I've been reading about bonds lately just for the sake of educating myself about investing opportunities for the years to come.

Something I don't understand is that nearly every article goes to pains to explain how the value of the bond rises and falls with interest rates, yield, etc, and I see articles with titles like "3 signs it's time to sell your bond."

The reason I find this confusing is because I think if I were to buy a bond, I would be doing so with the intent of holding it until maturity and collecting the annual income off of it. I would not be buying it the way I buy stocks, with the hope that its value would increase for a later resale.

Is that how many people buy bonds? Why? Is there really good money to be made in that way, rather than just taking the interest from it like a guaranteed stock dividend?

What I mean to ask is, what is the more common strategy? I would have assumed it was keeping it to maturity, but all these articles' focus on selling bonds makes me think I'm wrong.

  • Just an idea - most corporate bonds are callable. If the bond is trading a premium, it might be wiser to sell then wait to maturity.
    – NuWin
    Feb 20, 2017 at 2:13
  • 3
    You can trade bonds (or bond funds) just the same as stocks. Some people buy stocks with the intention of holding them indefinitely and taking the dividends. Feb 20, 2017 at 5:34

2 Answers 2


You sell any investment because you need to do something else with the money -- rebalance your investments, buy something, pay off a debt....
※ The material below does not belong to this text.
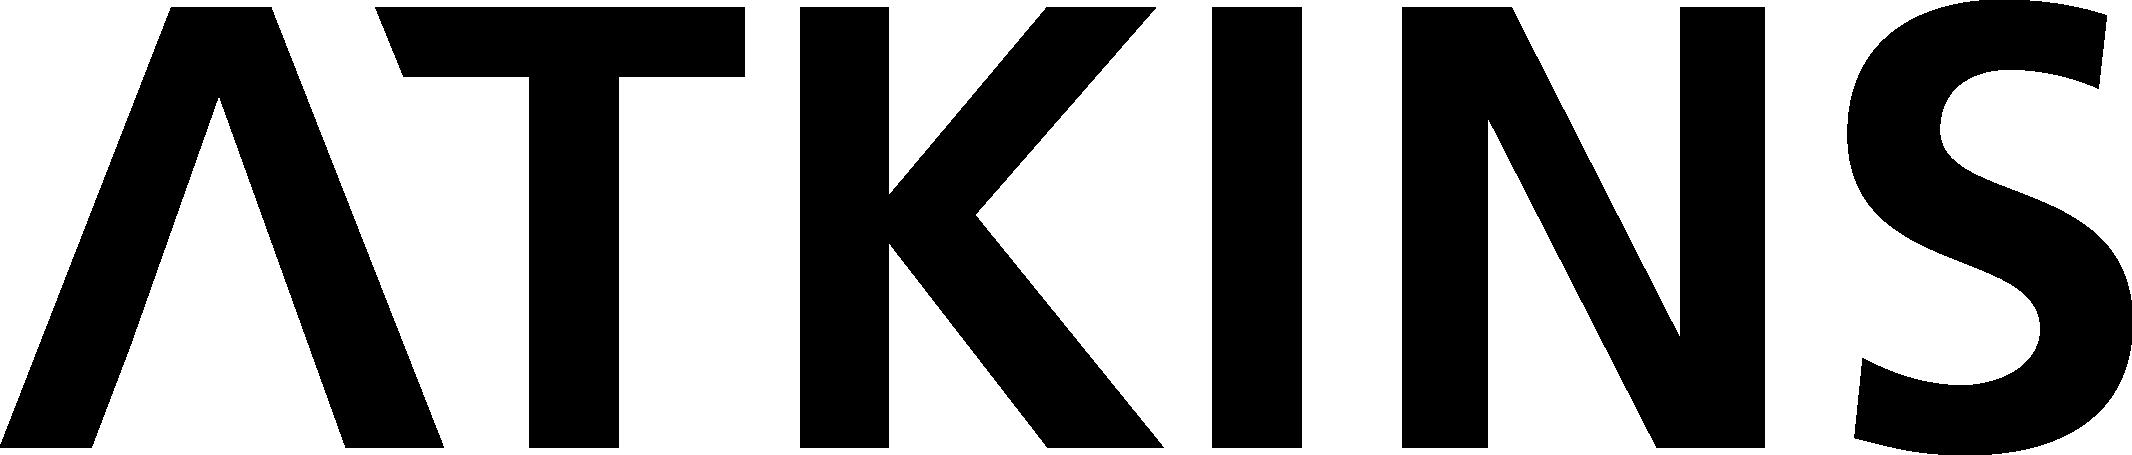 Atkins logo Black [Converted].png
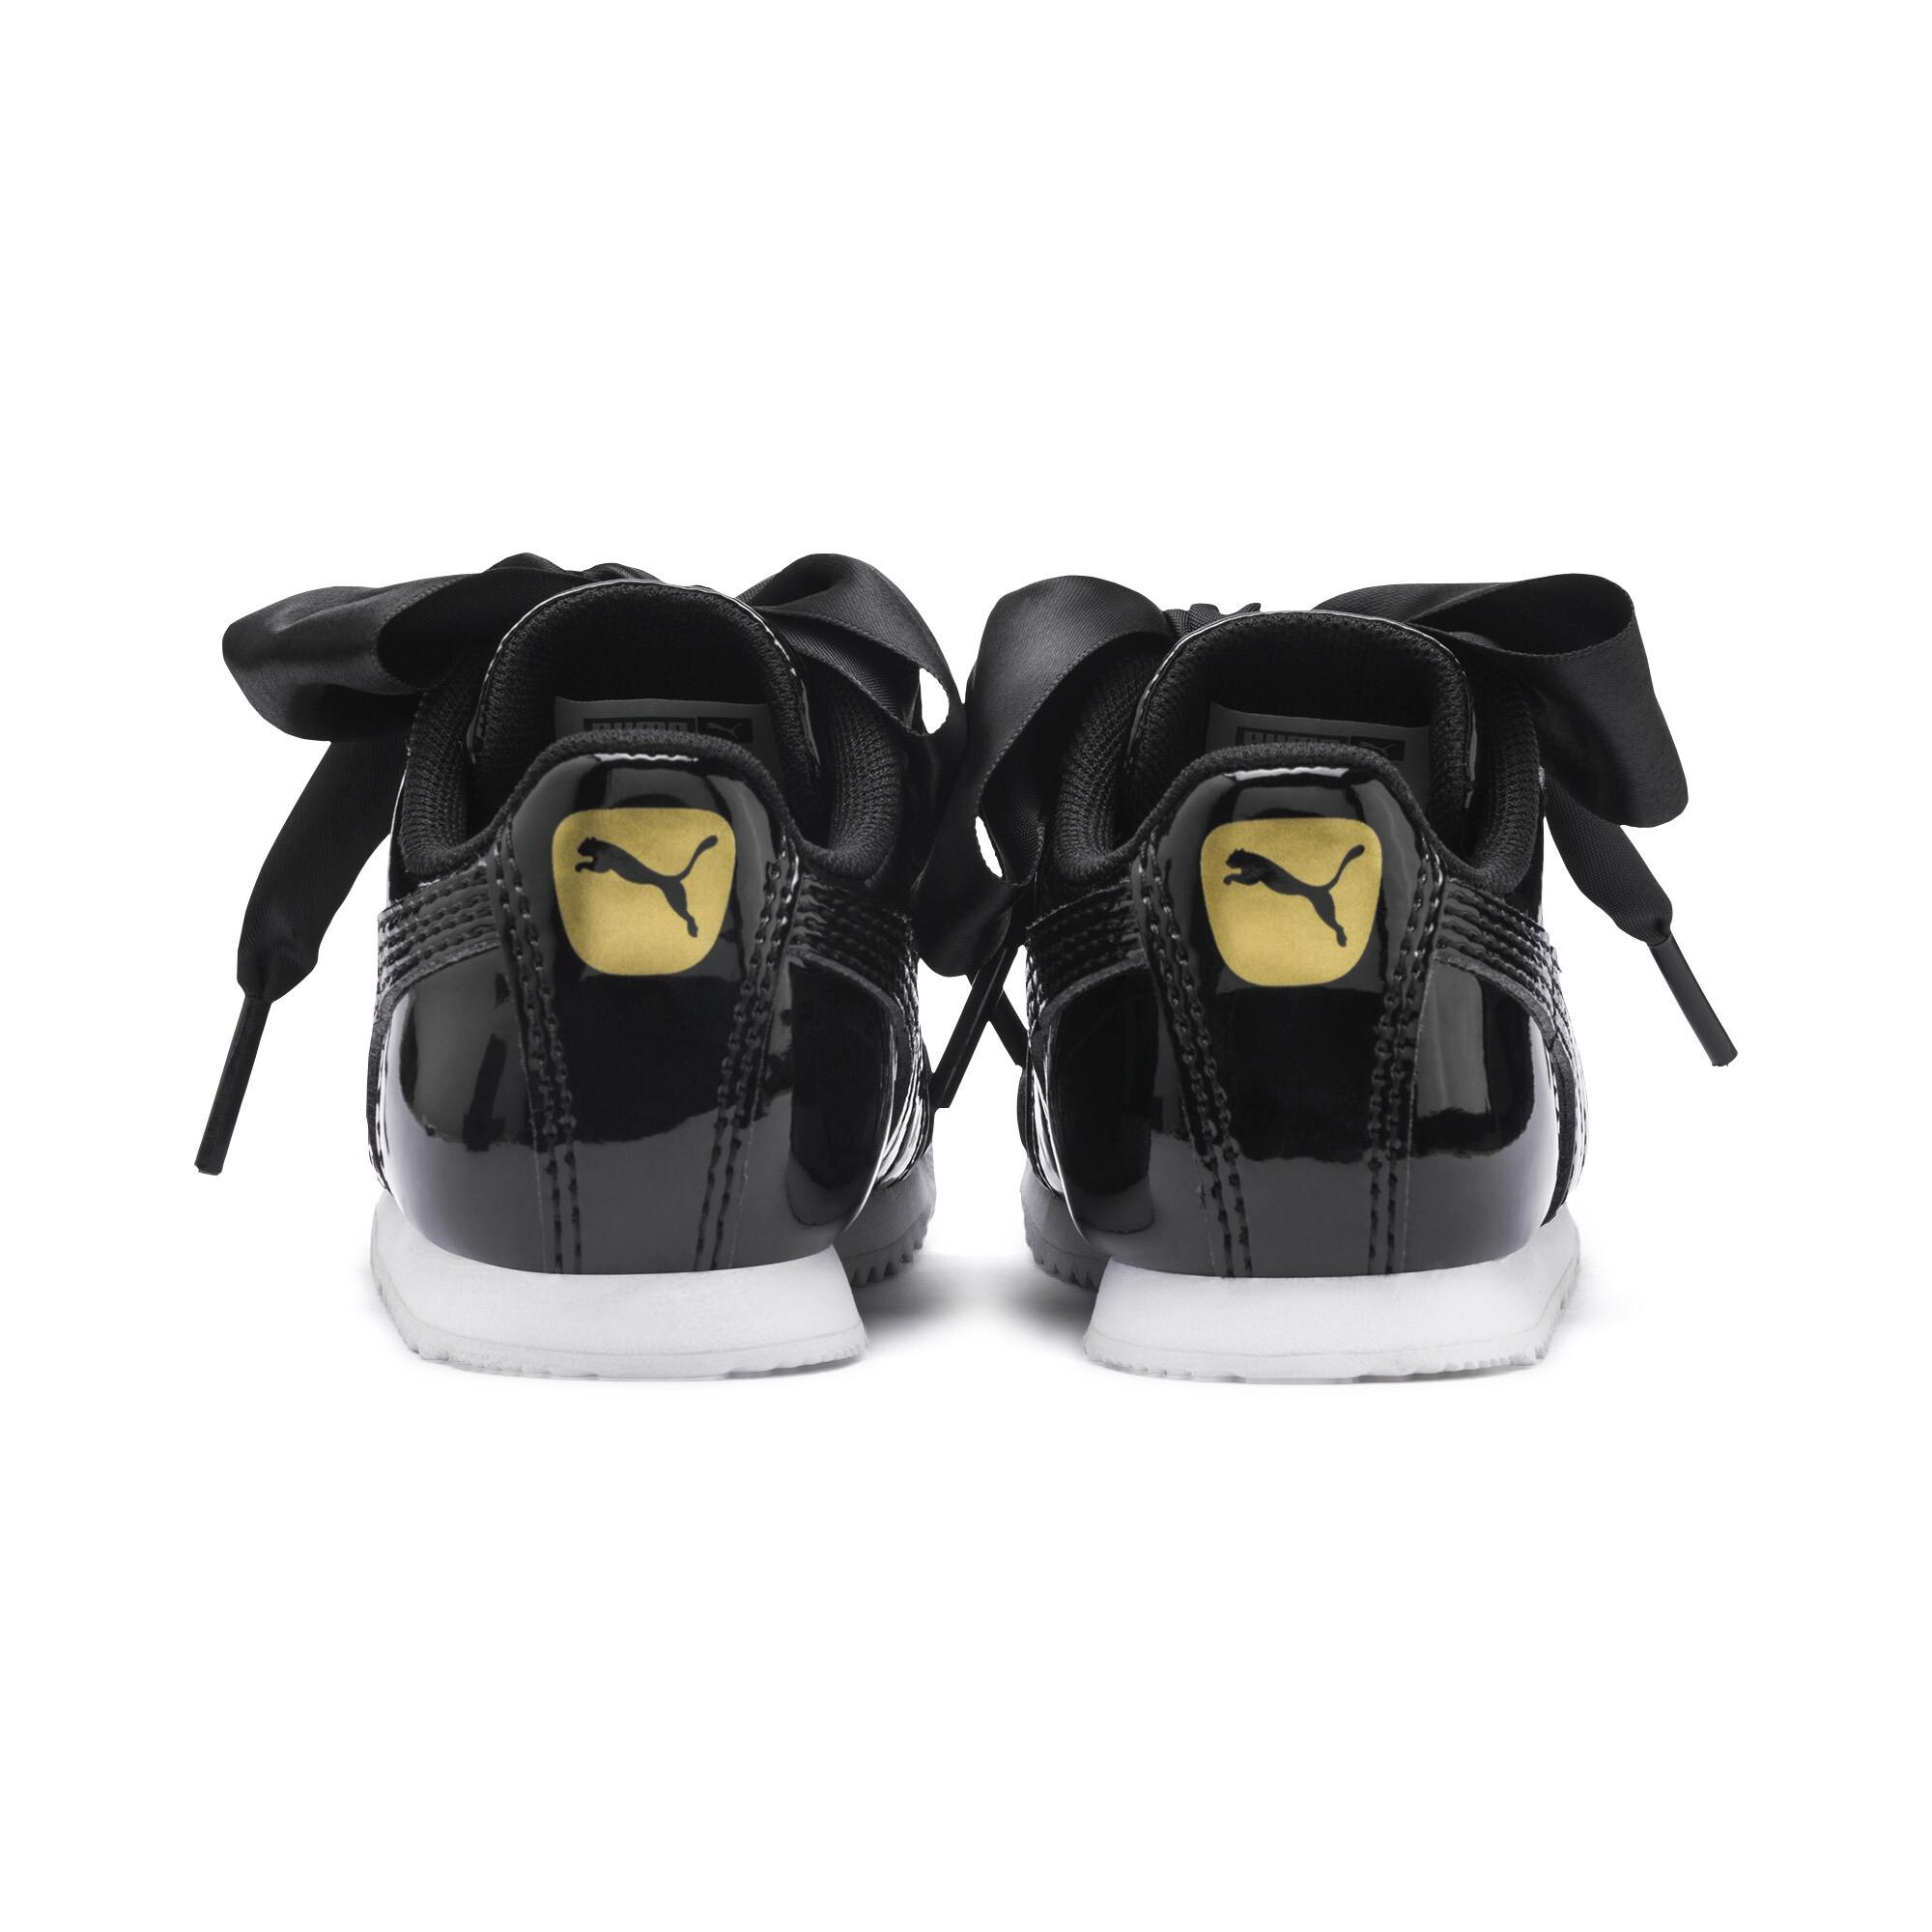 PUMA-Roma-Heart-Patent-Toddler-Shoes-Girls-Shoe-Kids thumbnail 3

Investment strategies abound. Bonds can be part of useful passive investment strategy but more active investors may develop a good number of reasons why buying and selling bonds on the short term.

A few examples:

  • Timing investments with expectations on the variation of interest rates;
  • Arbitrage by profiting from market inefficiencies (incorrectly priced securities);
  • Negative expectations on the bond issuer's financial condition;
  • Hedge interest rate risks by varying positions in fixed income securities such as bonds.

Also, note that there is no guarantee in bonds as you imply by likening it to a "guaranteed stock dividend". Bond issuers can default, causing bond investors to lose part of all of their original investment. As such, if one believes the bond issuer may suffer financial distress, it would be ideal to sell-off the investment.